▶ _Action item_
A letter-for-letter copy of the listing is required, with no pictures in it.

▶ _Exercise data_
━━━━━━━━━━
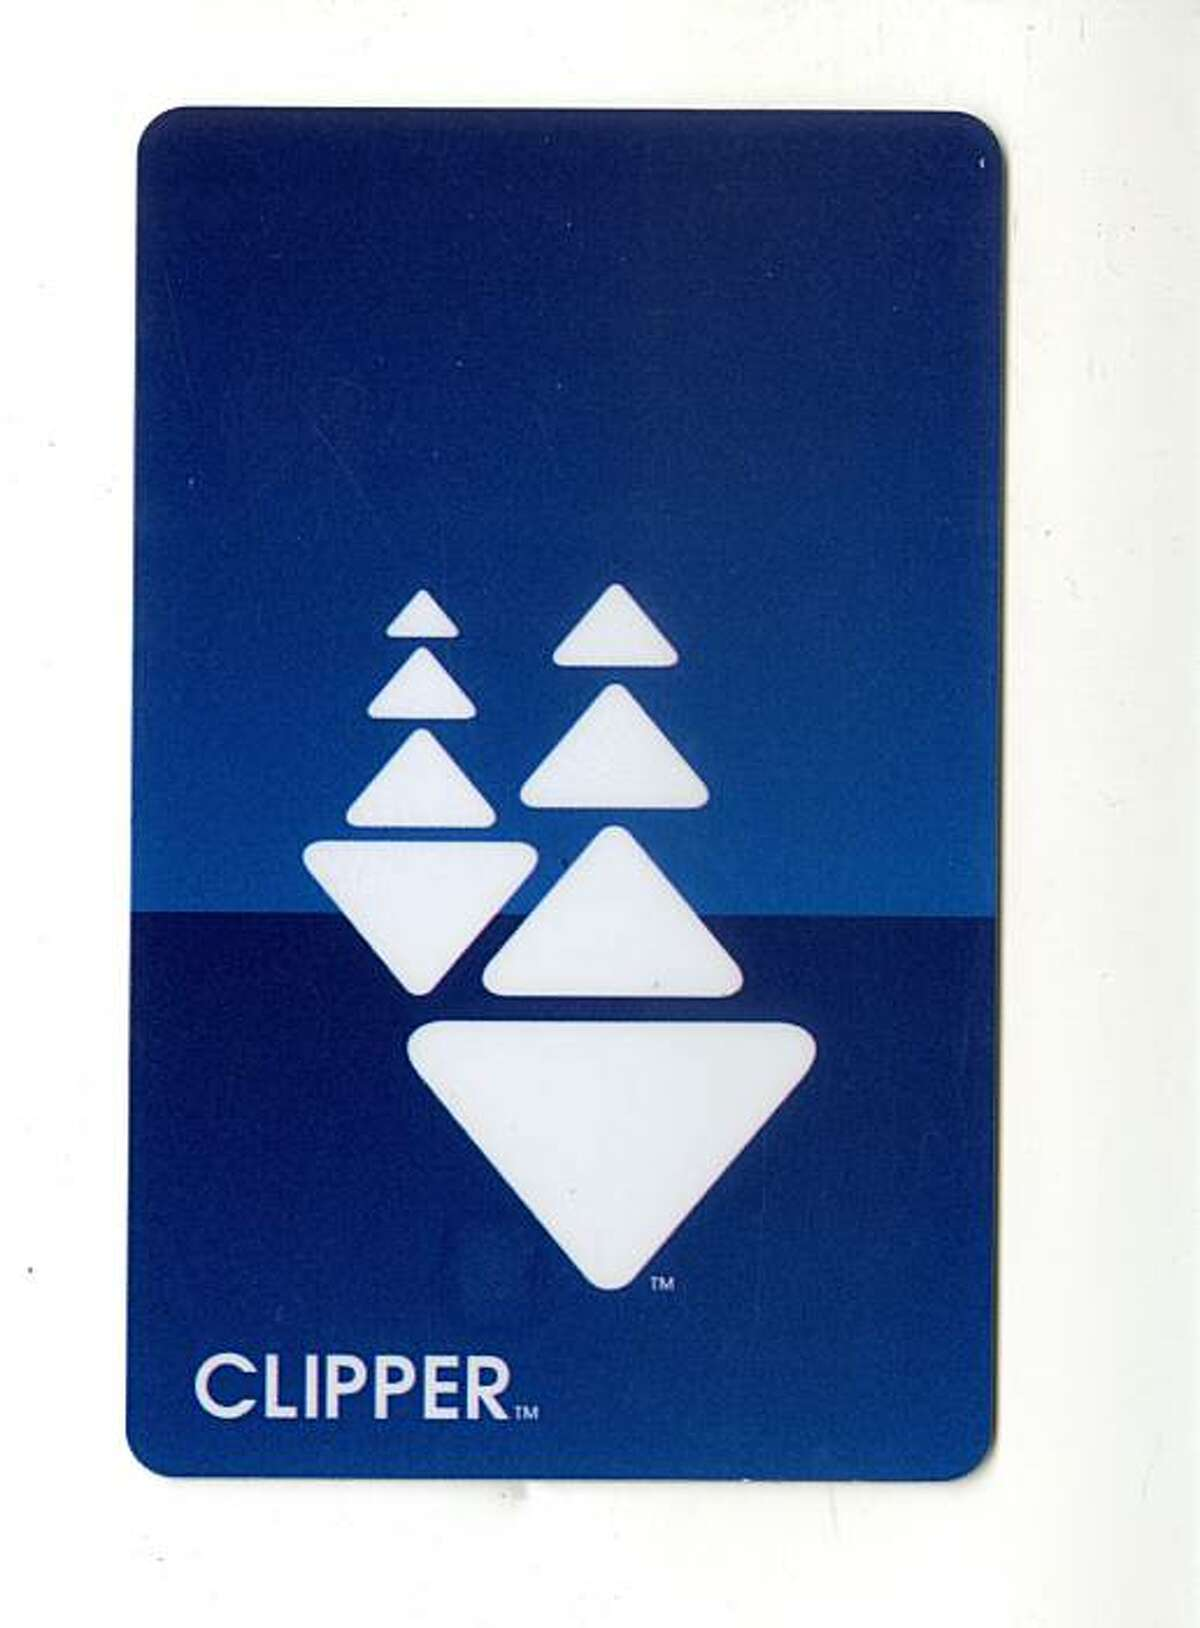 The Clipper transit card
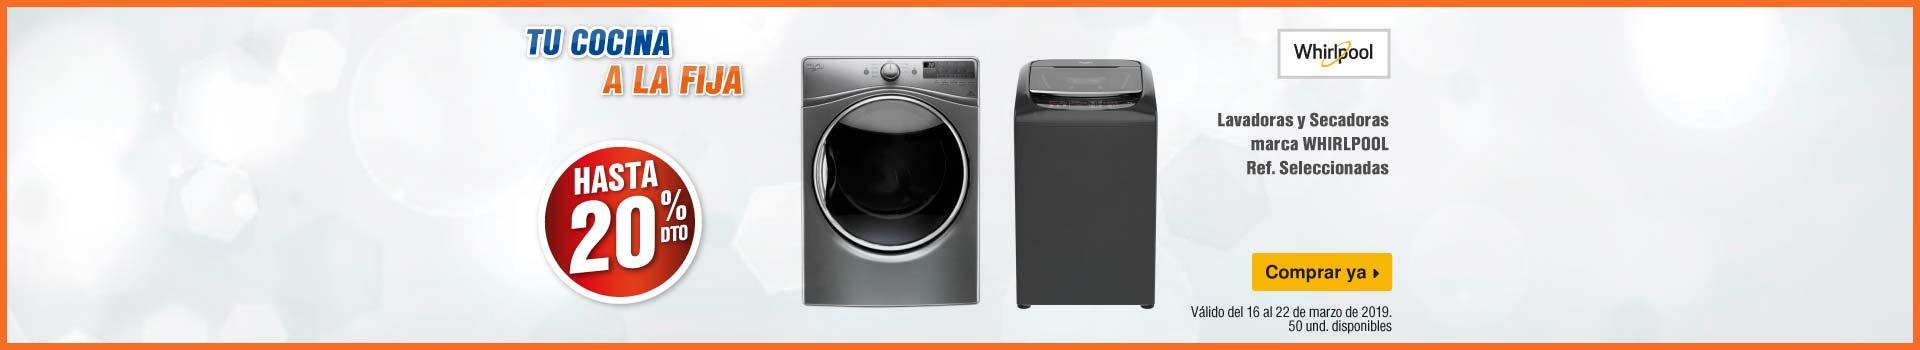 AK-KT-mayores-1-ELECT-BCAT-lavadoras-WHIRLPOOL-160319
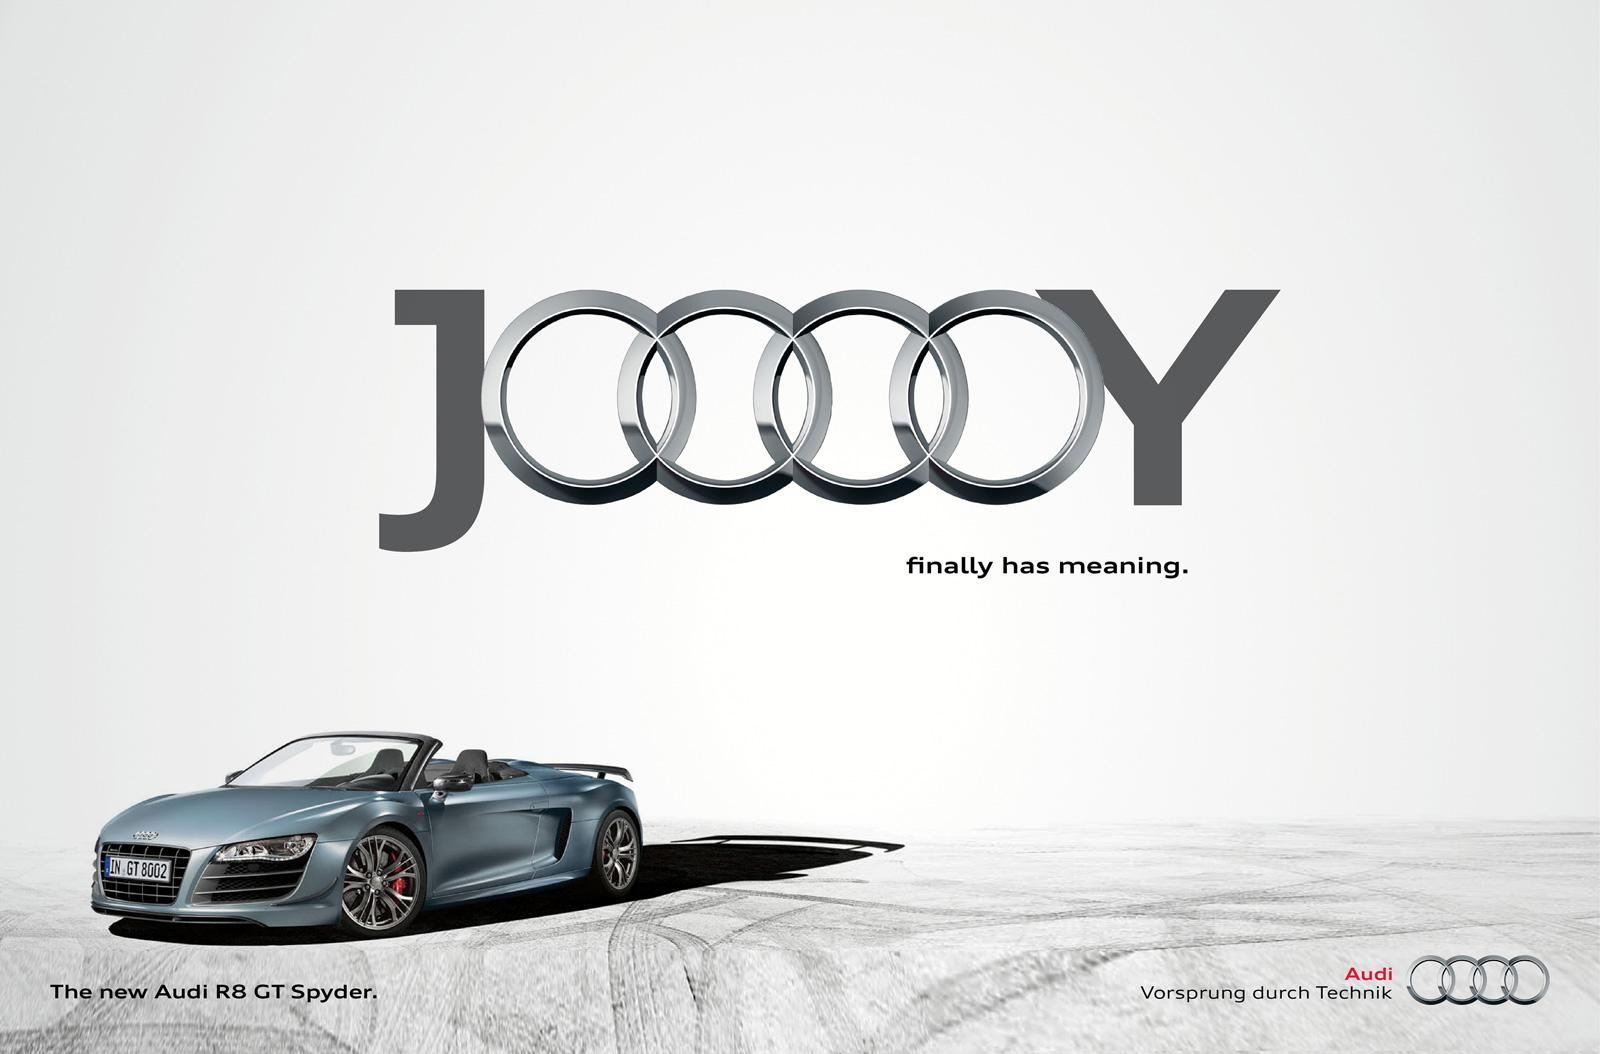 Audi Print Ad -  Jooooy, White
━━━━━━━━━━
▶ _Solution below_
 The Clipper transit card
 AK-KT-mayores-1-ELECT-BCAT-lavadoras-WHIRLPOOL-160319
 Audi Print Ad -  Jooooy, White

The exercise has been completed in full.